If anyone thought his La Francaise des Jeux team was piling the pressure on the 29 year-old Sydneysider, McGee says that's not the case at all. "Well, the team's expectations are quite opposite to my expectations - they're happy to see me have a strong prologue and work individual stages like I've done in the past," he says. "It's myself who put the pressure on to perform a GC campaign."
McGee also mentions the name of Thomas Lövkvist, FdJ's Swedish sensation, who may be a strong run for the white jersey. "He's a similar level for white jersey as what I am for the overall, where it's early days of putting together a campaign, so we've been feeding off each other a lot in recent races. So with that, there will be at least be some attention given from the team for the general classification," he says.

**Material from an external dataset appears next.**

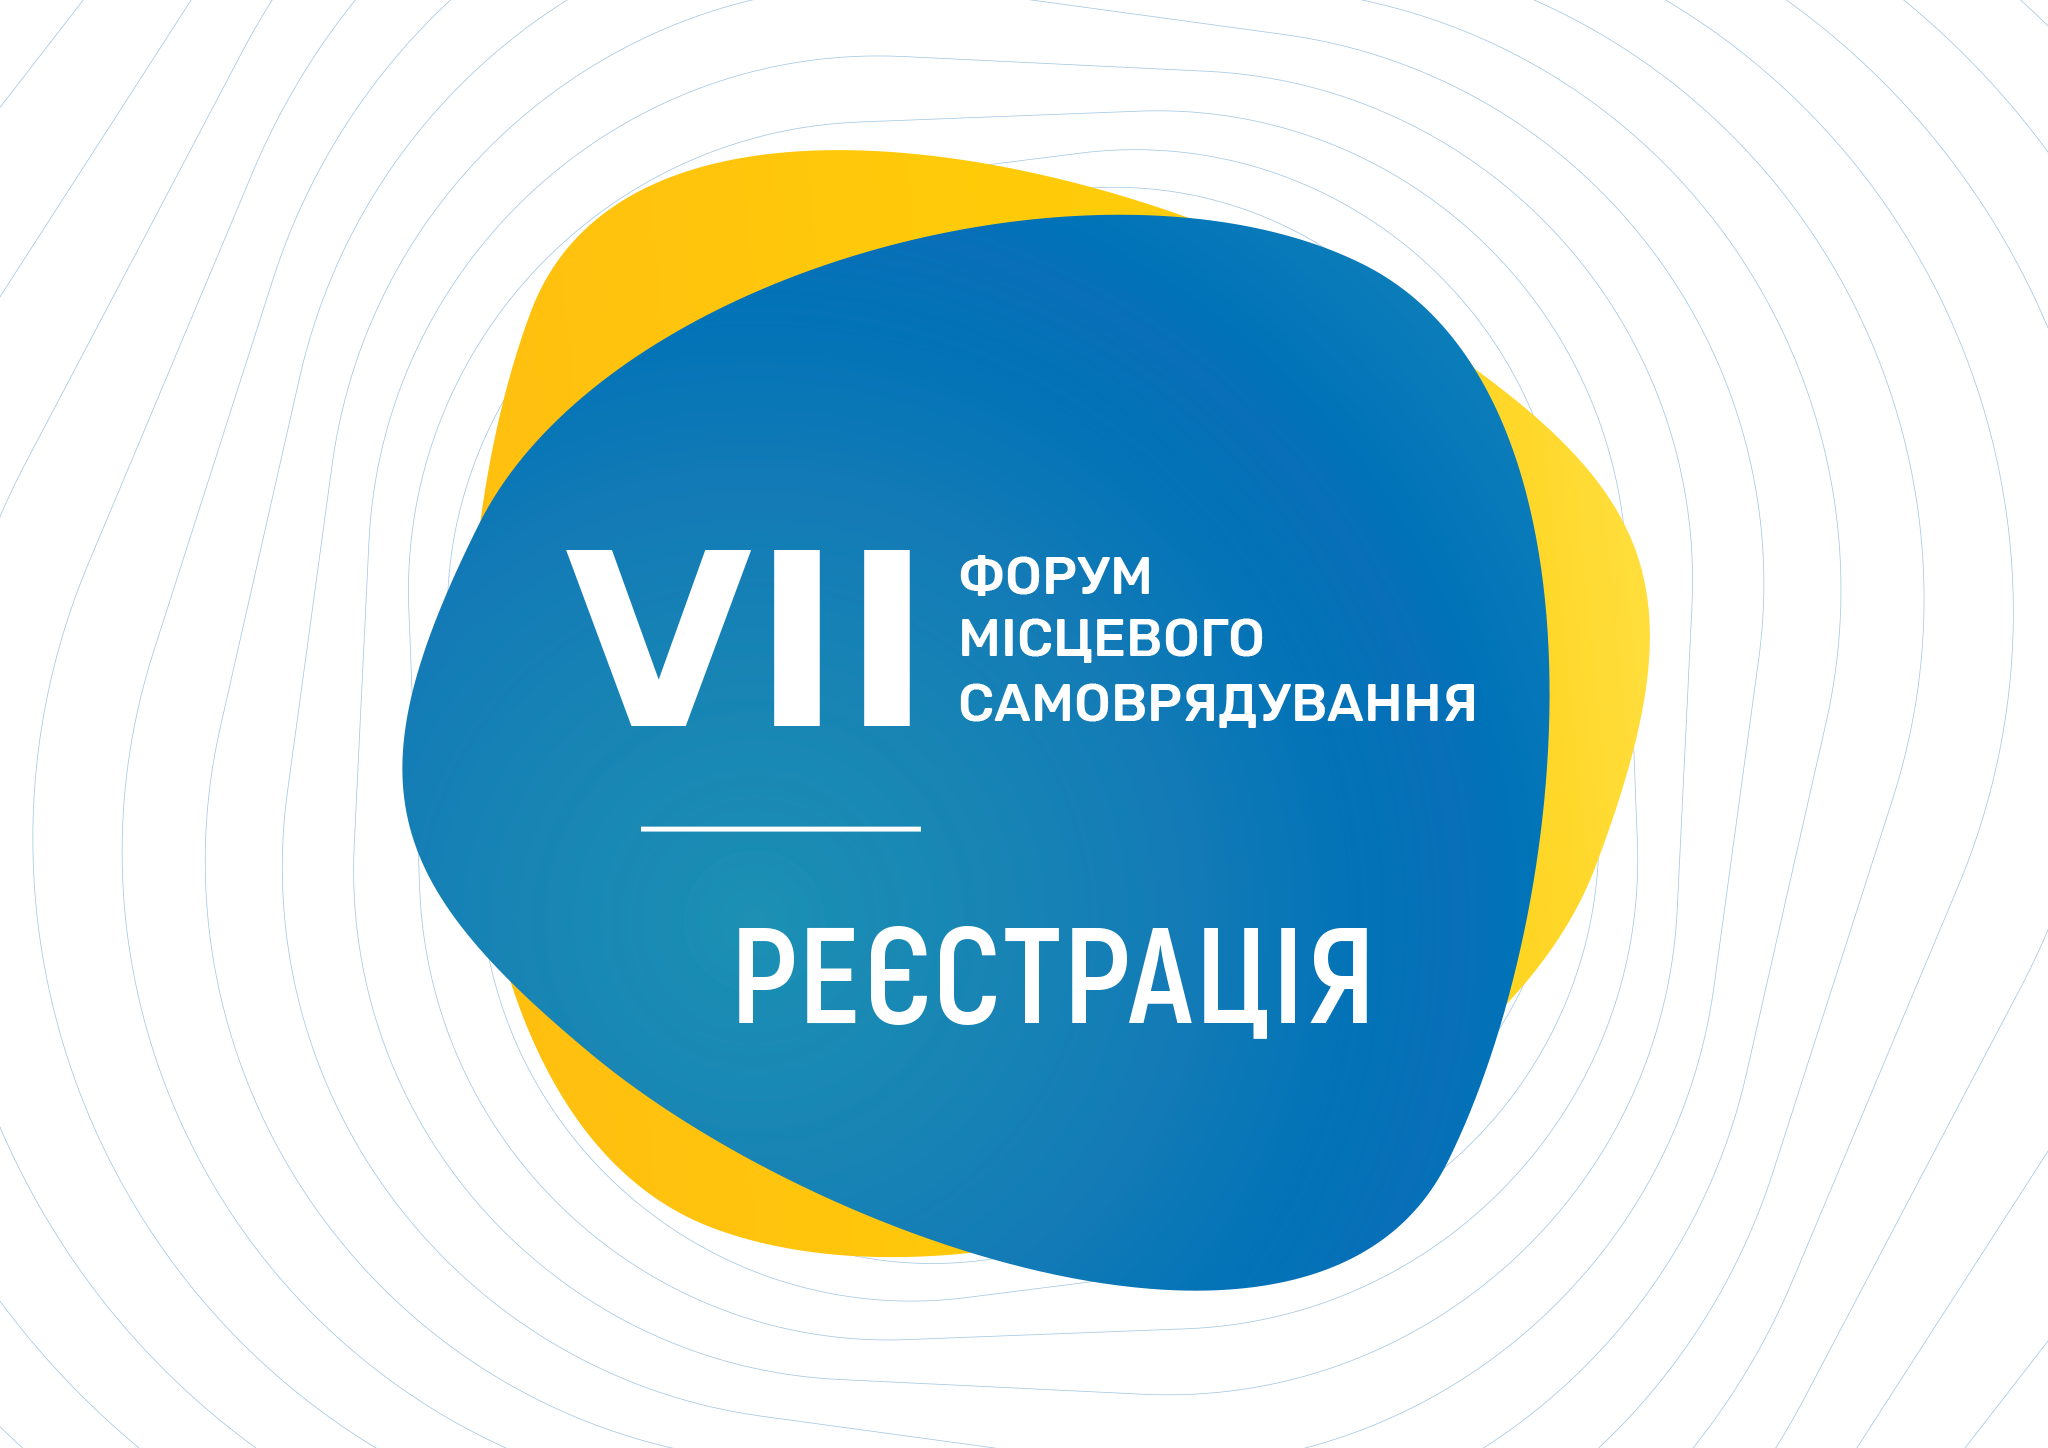 7th Local Self-Government Forum in Lviv to be held on 15 March (registration)

What he's trying to say, I think, but as diplomatically as he can, is that you're not going to see him looking after his mate Baden Cooke in the sprints until the final kilometres, or going in any long suicide breakaways, like he did in 2001. "It's the long-haul duties, day-in, day-out, that can really break your legs," he says.
"This is where and when it should come together; that's why I put together my campaign and that's what it is, it's a real campaign, and you just have remain true to it through thick and thin... it's cliché stuff but... "
"It often holds true," I say.
"Absolutely!" There's that word again.